As with all gems, the kunzite meaning can vary depending on a person's belief system. Based on the coloring, many think that kunzite connects to matters of the heart, including love, relationships, and communication. That connection also extends to the heart chakra for some people.
Others view kunzite as a calming stone. They feel it promotes inner peace, stress reduction, and harmony while possibly helping someone navigate complex emotional situations.
It is important to understand that there is no scientific proof that any stone can treat, prevent, or cure medical conditions. However, there typically is no harm in wearing, meditating on, or holding a gem. Just don't rely on kunzite as a substitute or genuine medical care if you have a health concern, including mental, emotional, or physical challenges.
Stones Similar to Kunzite
Some gems may look similar to kunzite, depending on the shade you're after. For gem-quality stones, pink sapphire, pink spinel, pink tourmaline, pink morganite, and pink fluorite may all be reasonable substitutes, depending on the exact piece.
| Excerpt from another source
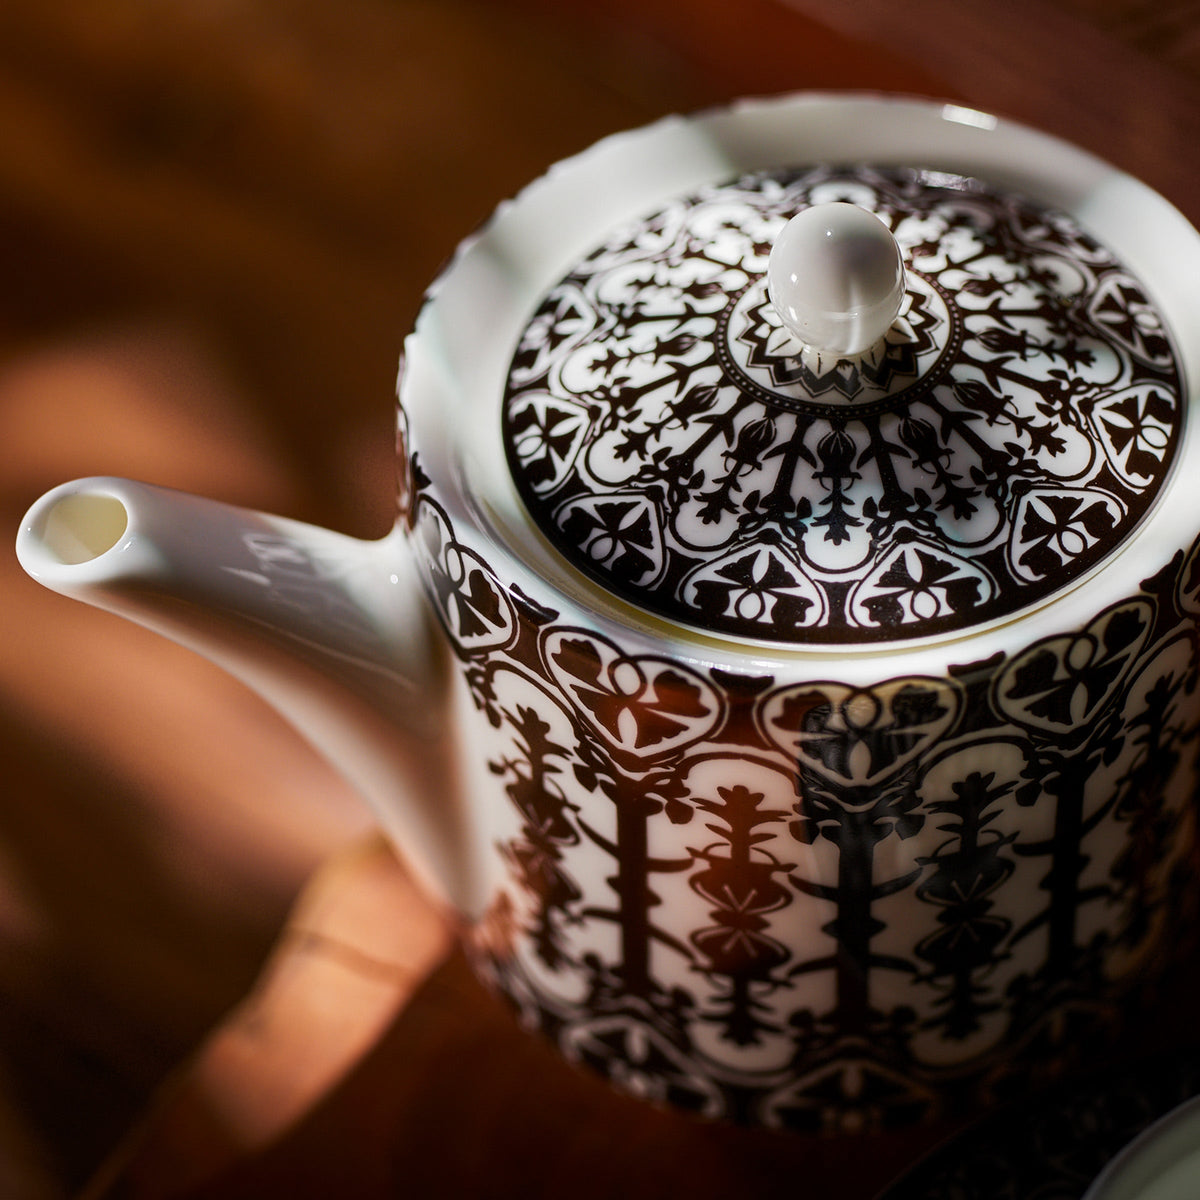 A Caskata Casablanca Petite Teapot, inspired by the classic film Casablanca, elegantly rests on a wooden table.

For cabochons or beads, rose quartz may have a look that's closest to kunzite. At times, a pink opal may as well, especially if there is no opalescence.
If you're looking for a gem closer to lilac kunzite, lavender quartz is probably your strongest match. Some pieces of amethyst may also be solid stand-ins, as well as purple spinel and purple sapphire. For cabochons or beads, purple jade might be your best bet.